The weather and tide lined up for a change and I decided to give it a shot in Santa Rosa Sound. Took a church friend who just moved south from Minnesota and had never heard of floundering.
It was a beautiful night and we got on the water about 2am and the water was pretty clear in most areas. It didn't take long before we started seeing fish but they were small. Ended up seeing about 15 undersized fish and managed to gig 5 keepers between 15-19" by daylight. I pointed out three of the five to my friend so he could gig them. It was great to see the look on his face each time. The Lord provided a clear night, clear water and some great fish.
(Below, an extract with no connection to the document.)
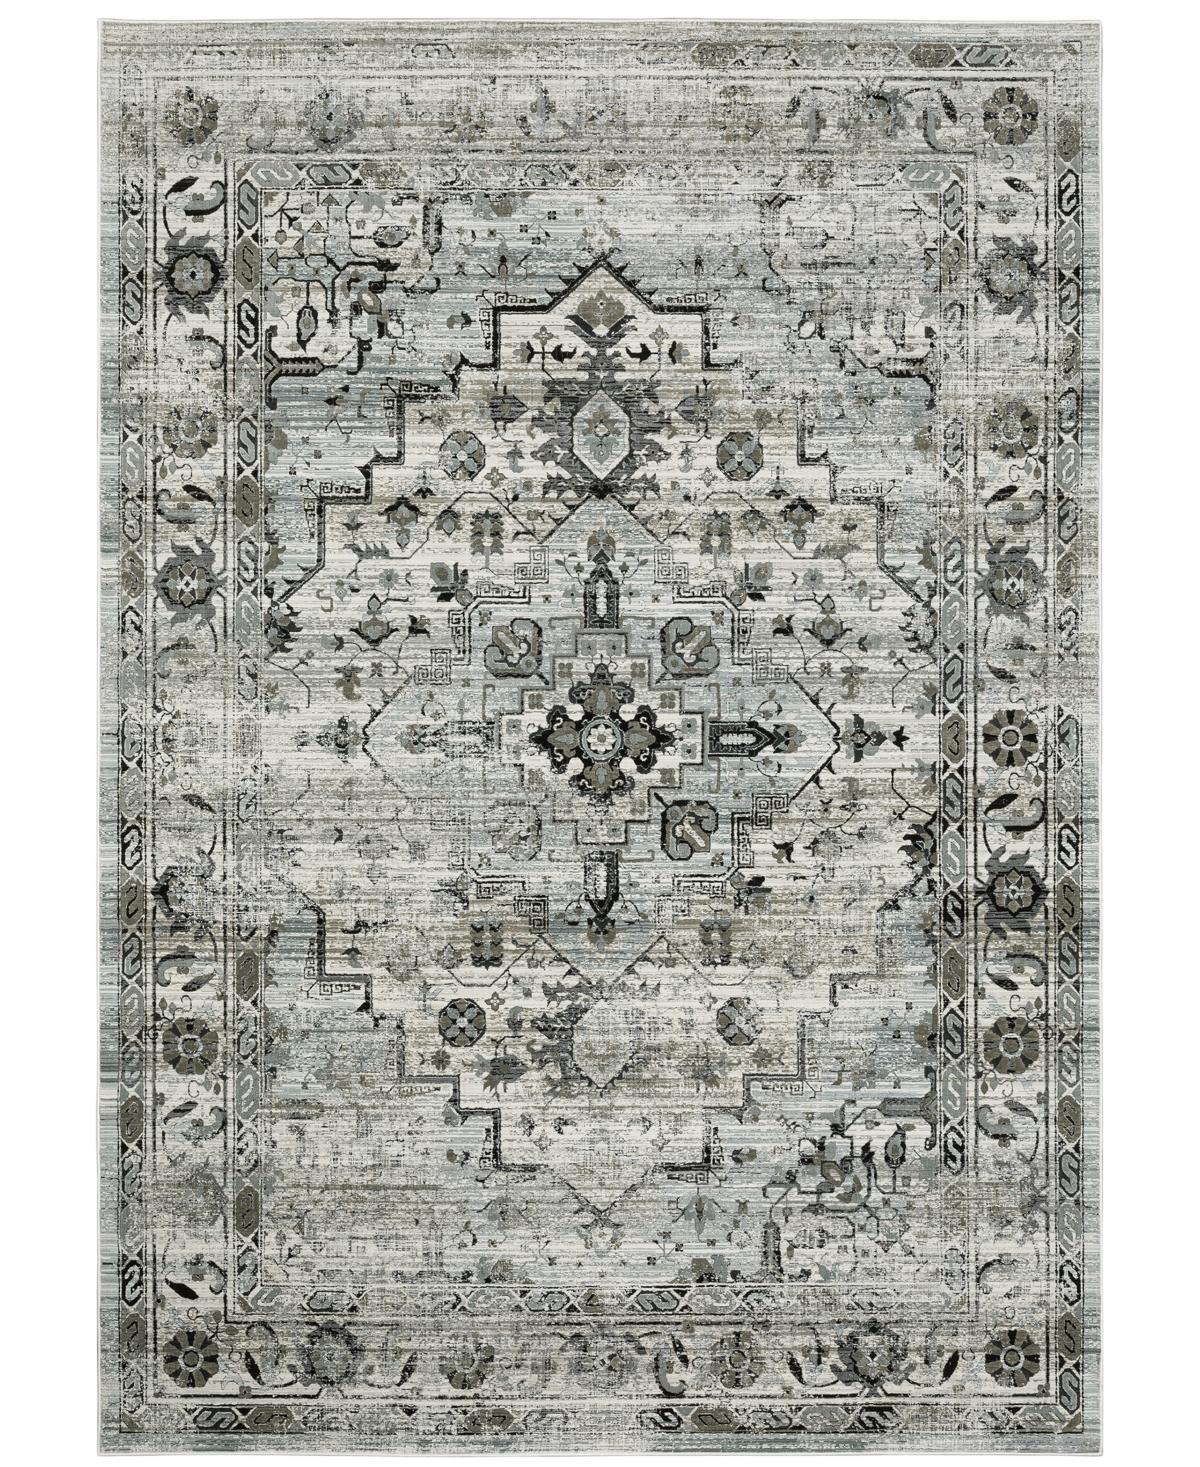 Km Home Astral 020ASL 9'10in x 12'10in Area Rug - Gray, Blue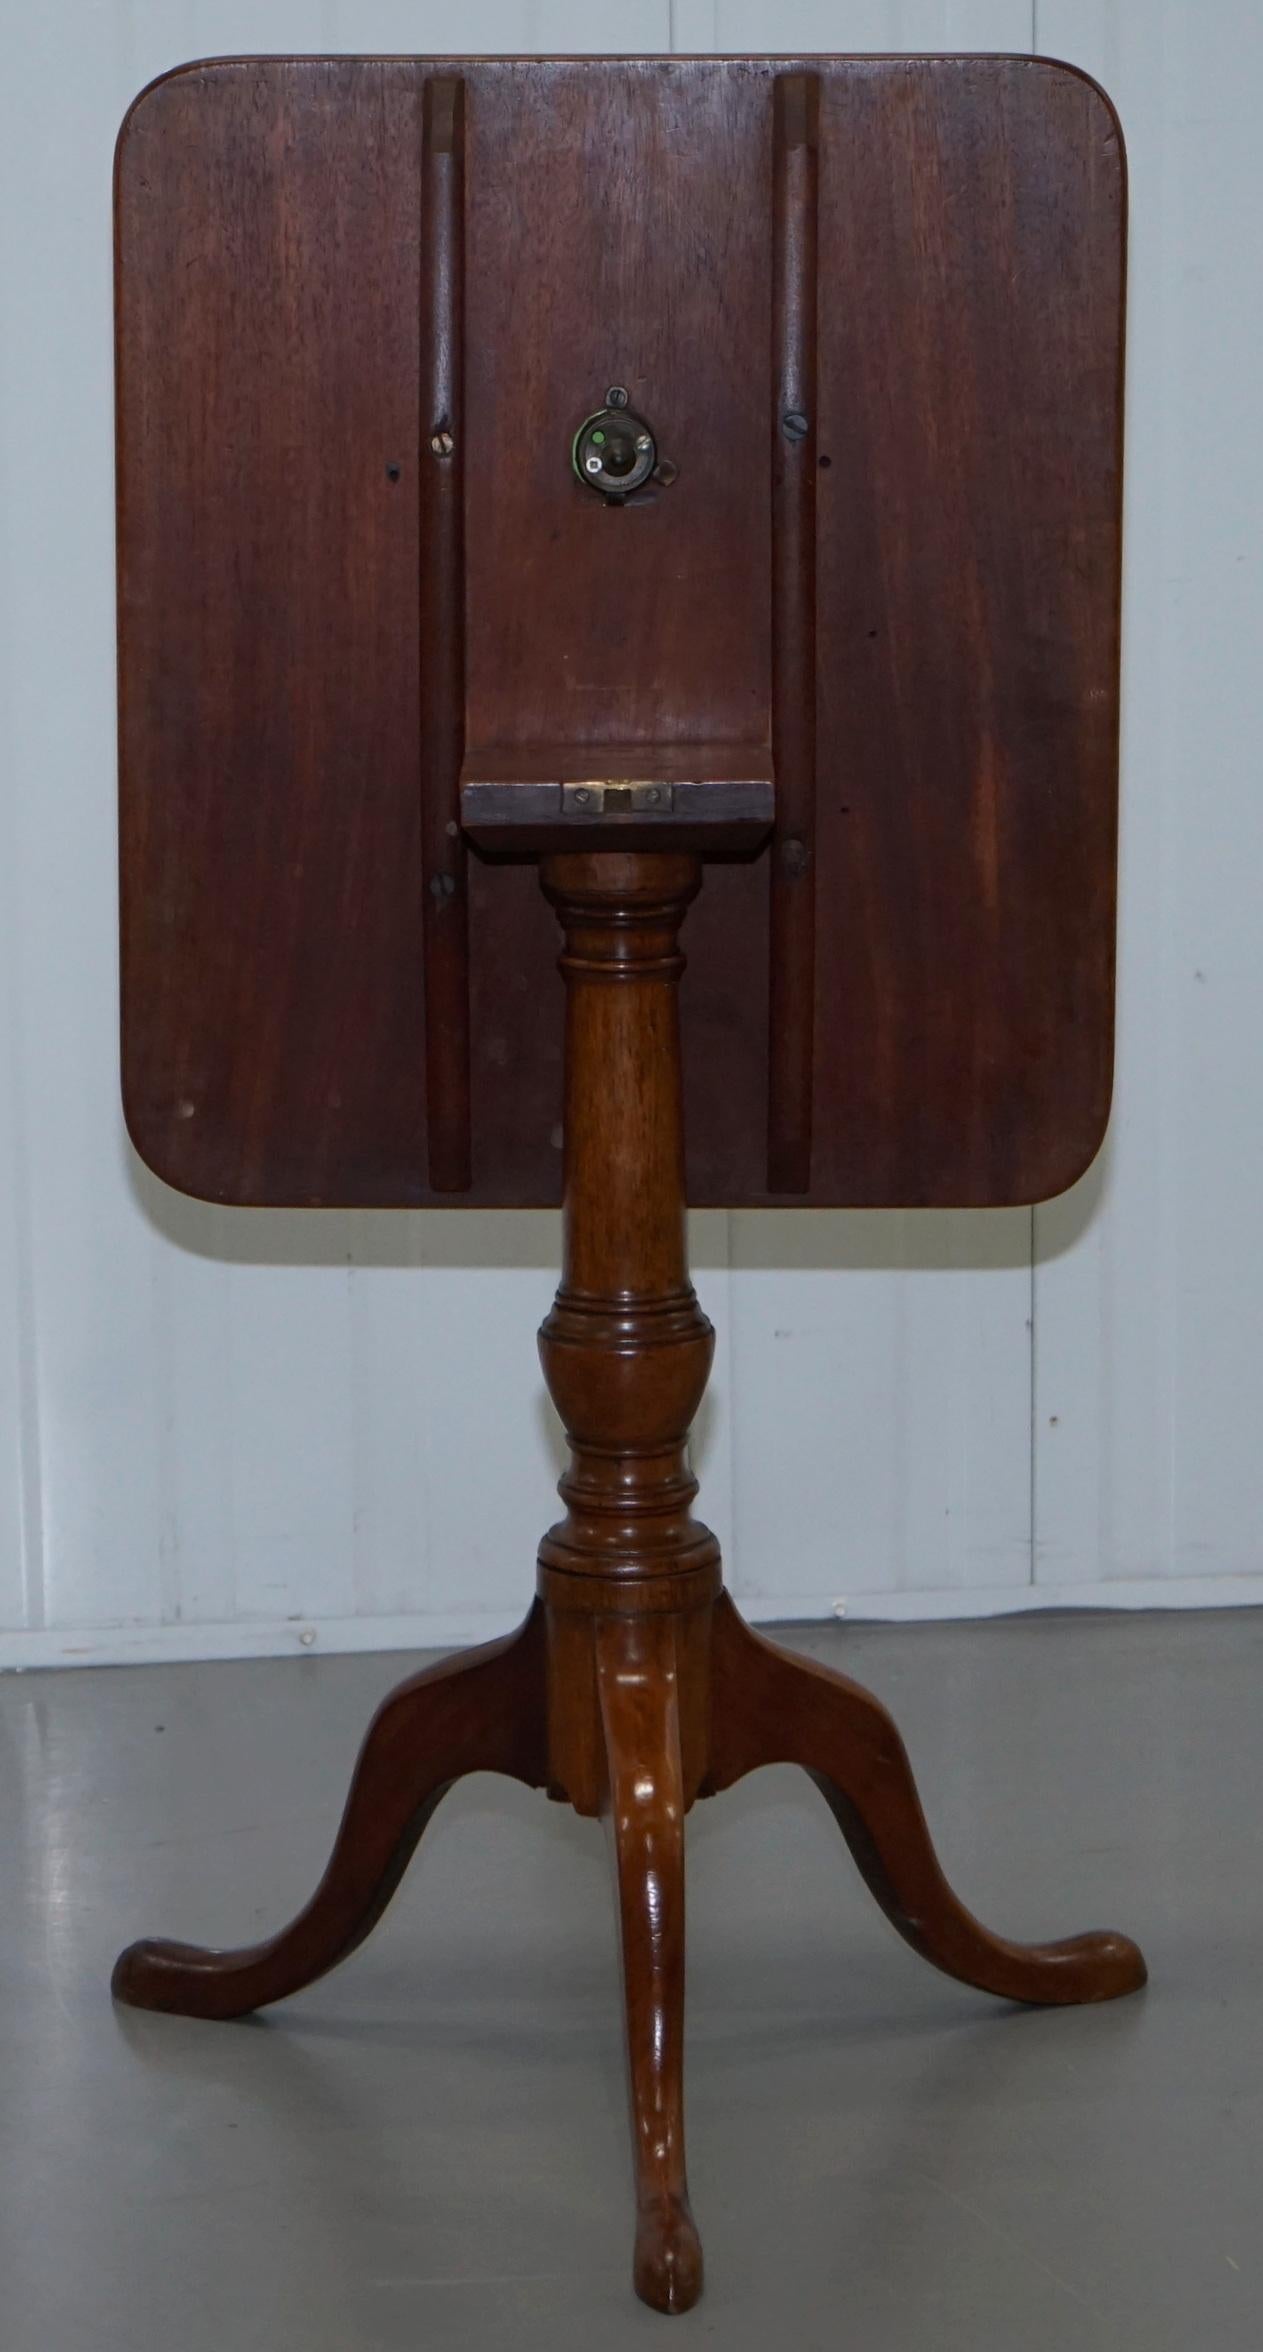 Mid-19th Century Victorian Tripod Side End Lamp Table in Walnut with Tilt Top Function circa 1860

I thank him everyday to be able to live in such a beautiful part of our great country.


----------



## Night Wing (May 16, 2011)

Nice looking keeper flounder. 

I'm sure your Minnesota friend enjoyed his first ever gigging trip.


----------



## TJ Hooker (May 22, 2011)

Makes me hungry, just thinking about them.


----------



## OLDBOB (Jan 27, 2013)

Terrific! It's always fun to show a newcomer what it's all about.


----------



## DAWGONIT (Jan 16, 2009)

pretty work & great eats IMHO.
gig 'em up.


----------